- Given records:
========================================================================
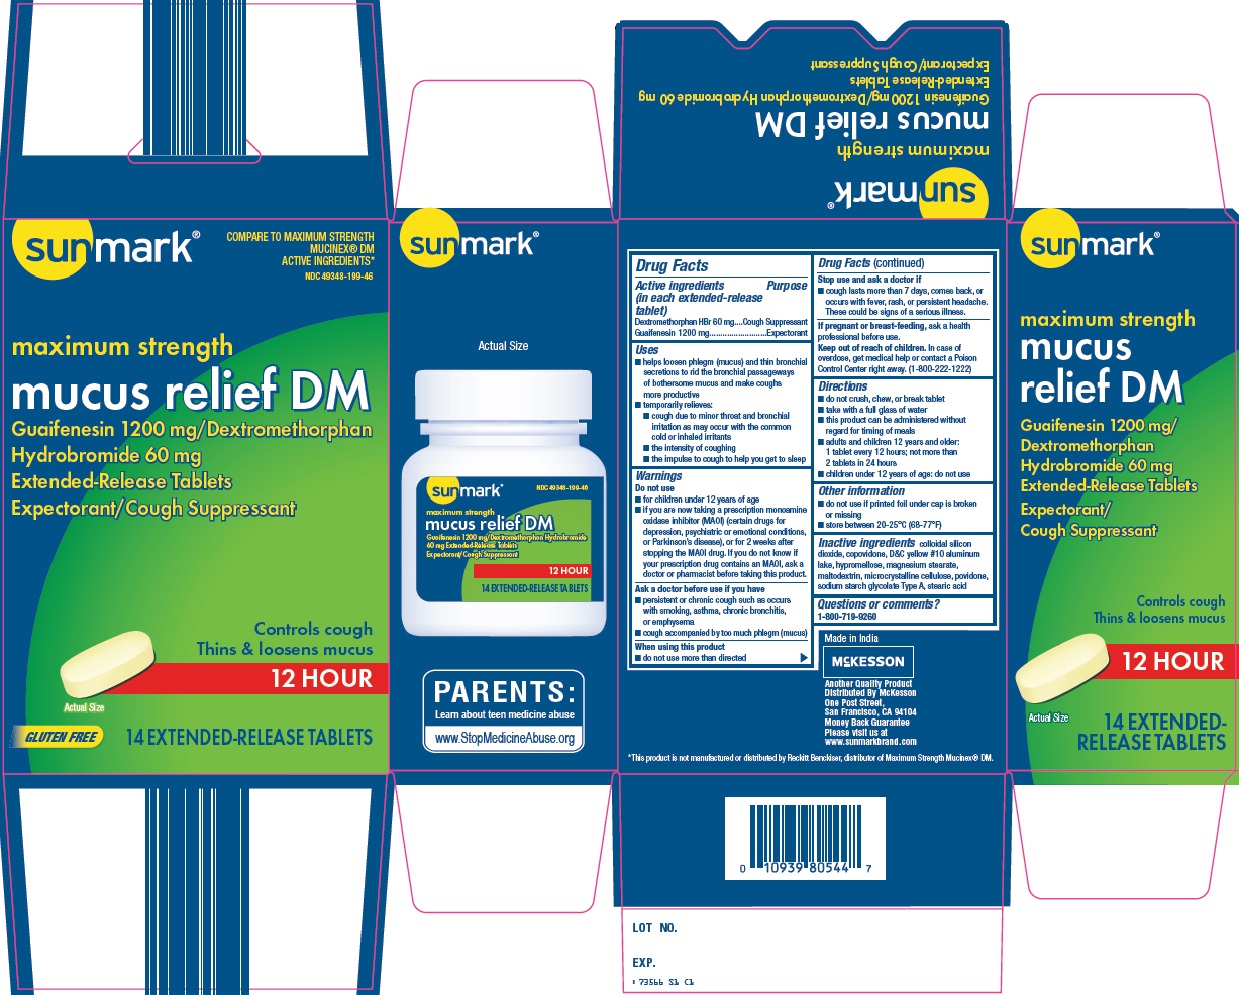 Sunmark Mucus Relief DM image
========================================================================
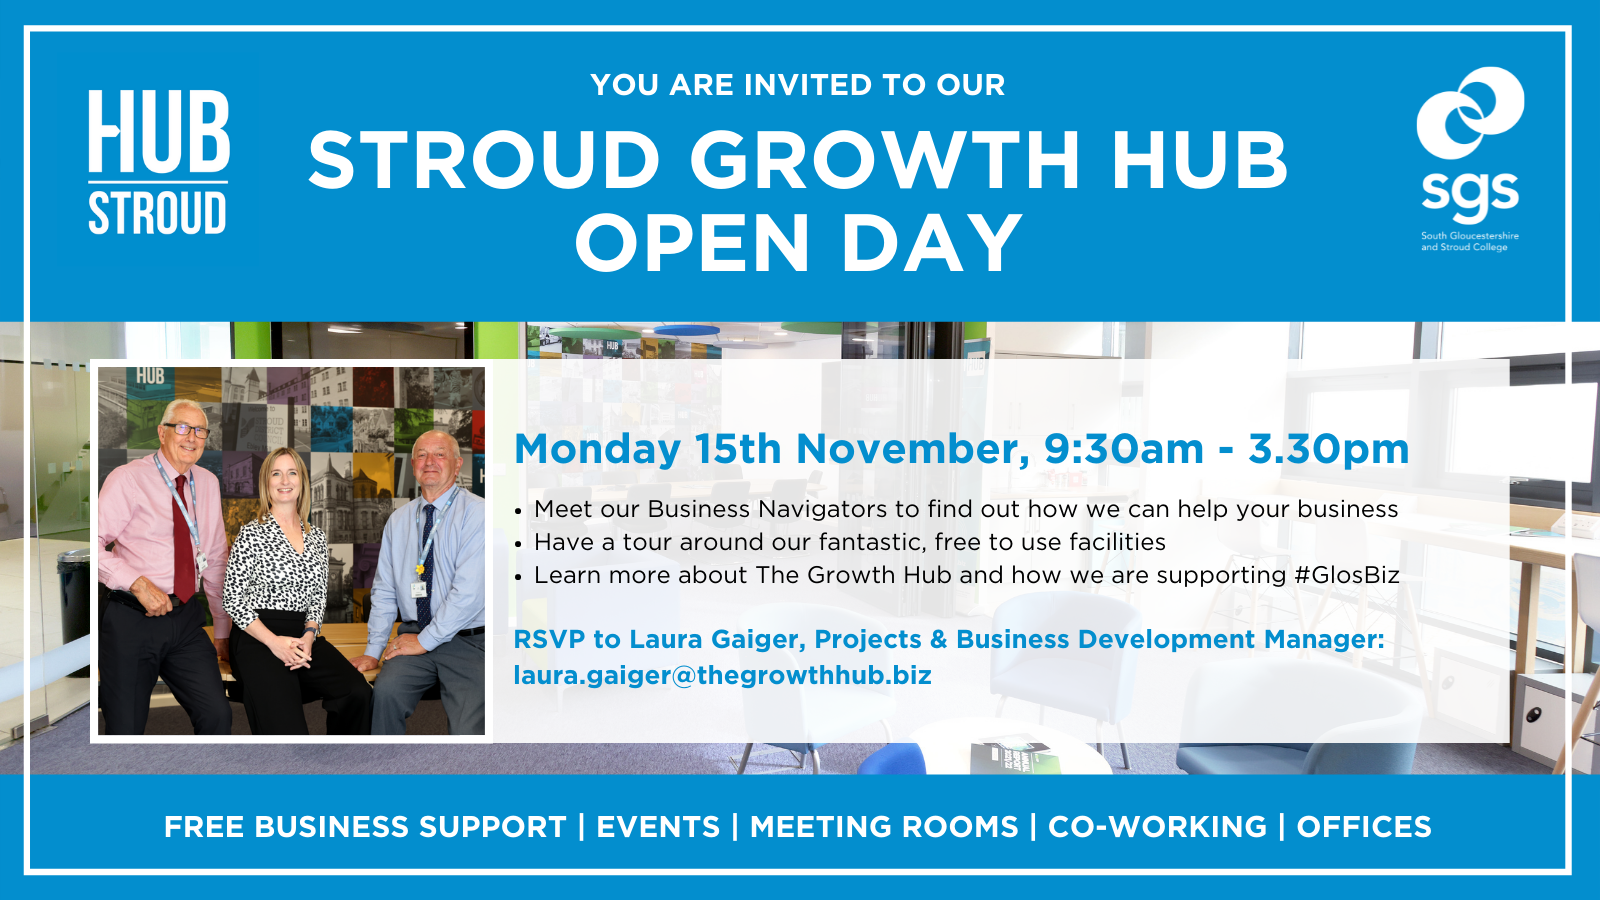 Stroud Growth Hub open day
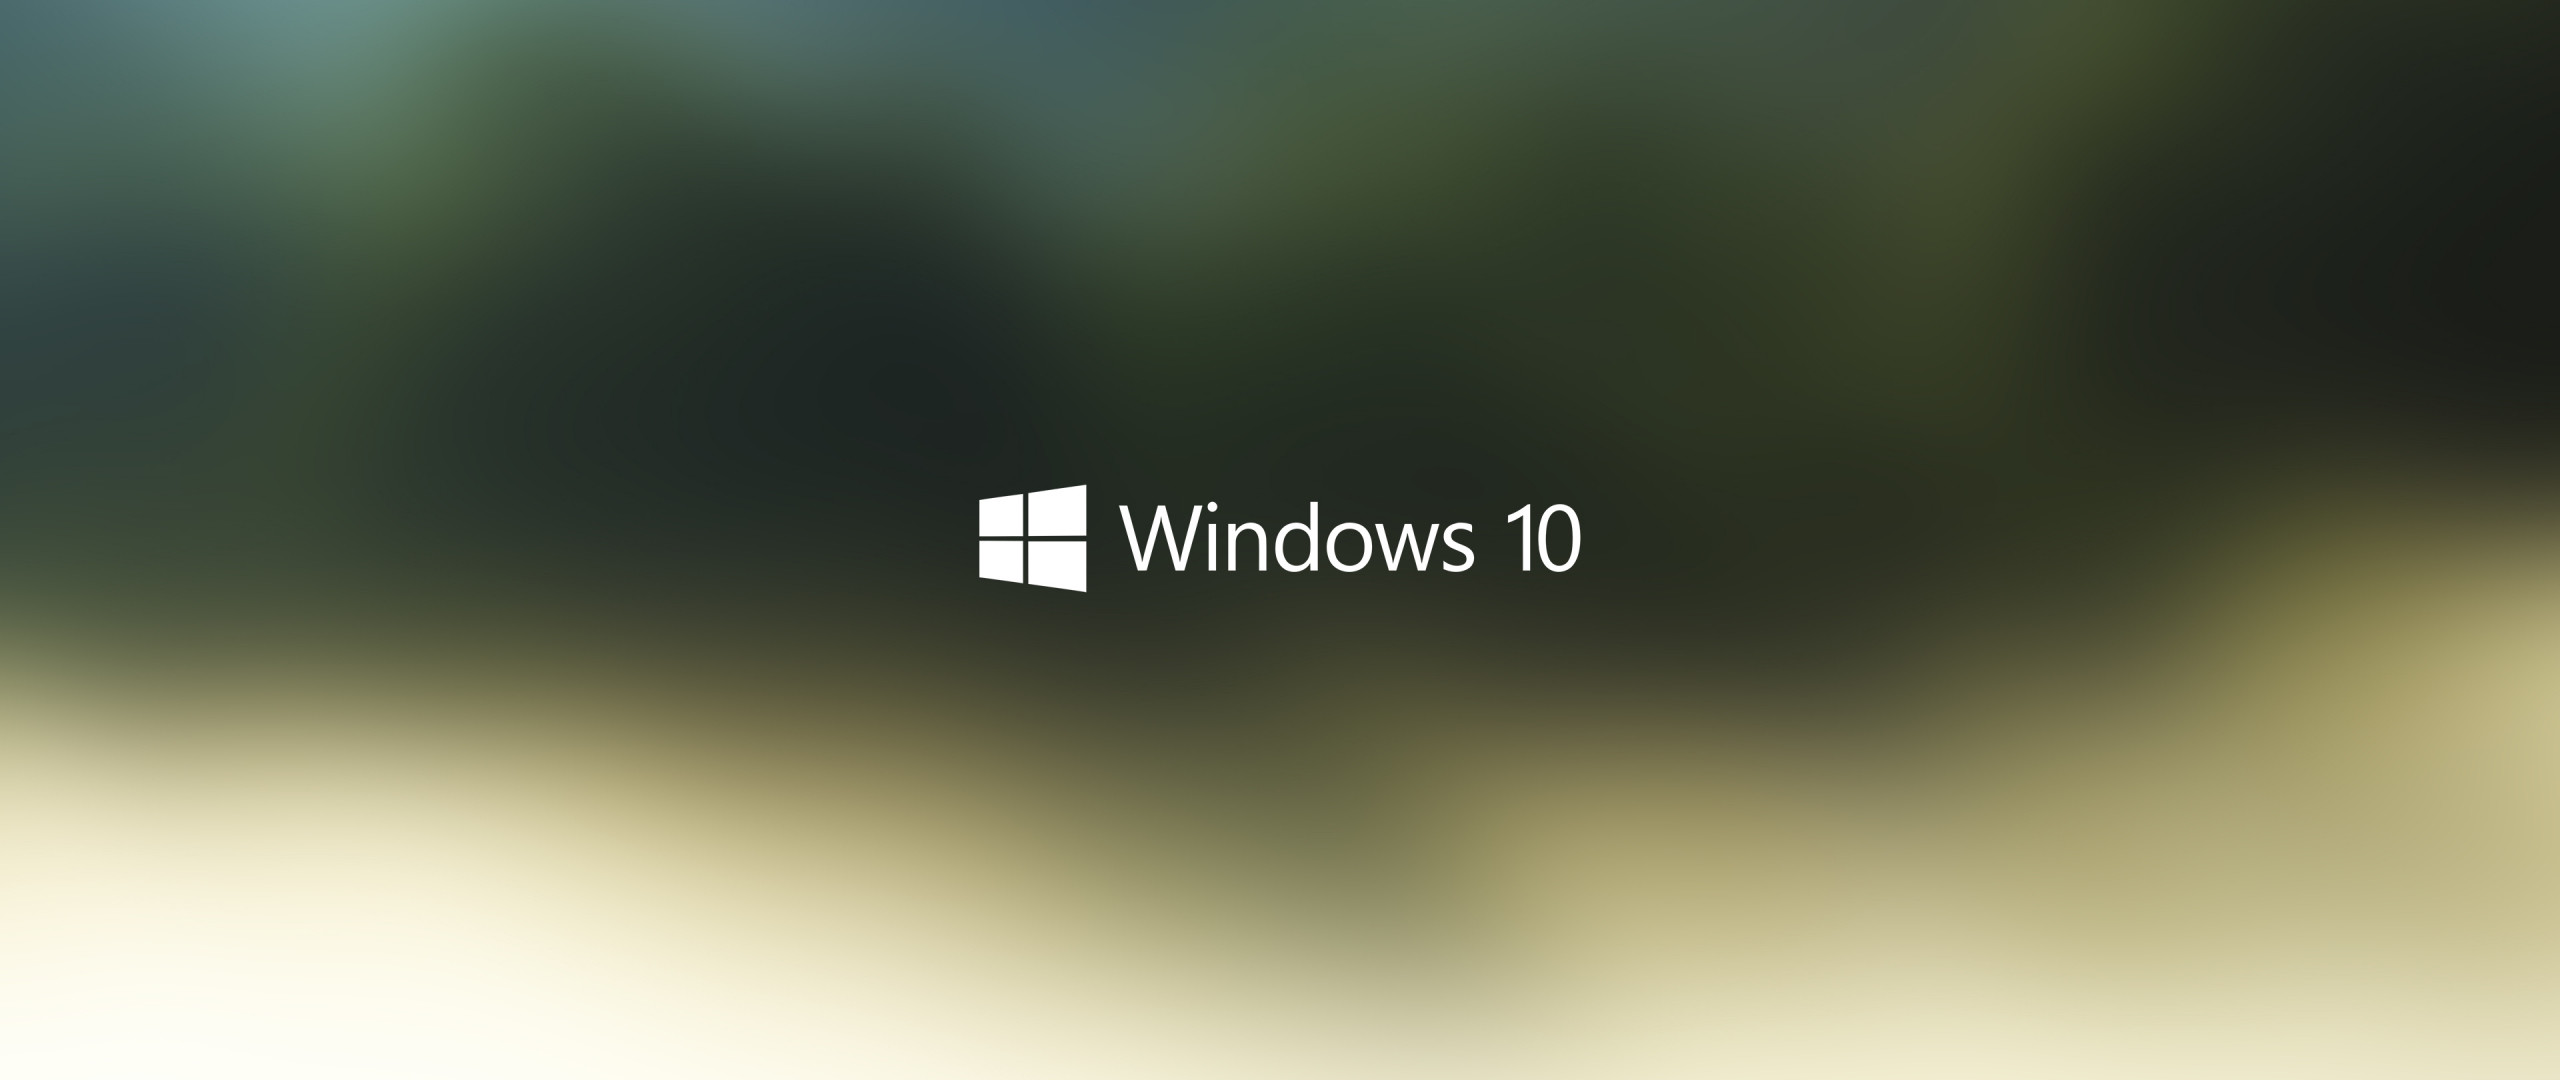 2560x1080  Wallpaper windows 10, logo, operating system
========================================================================
- Activity: Please output the lines above beginning at the line with "Stroud Growth Hub open day" and ending after the line with "logo, operating system", precisely as written and with no pictures.

- Task answer:
 Stroud Growth Hub open day
 2560x1080  Wallpaper windows 10, logo, operating system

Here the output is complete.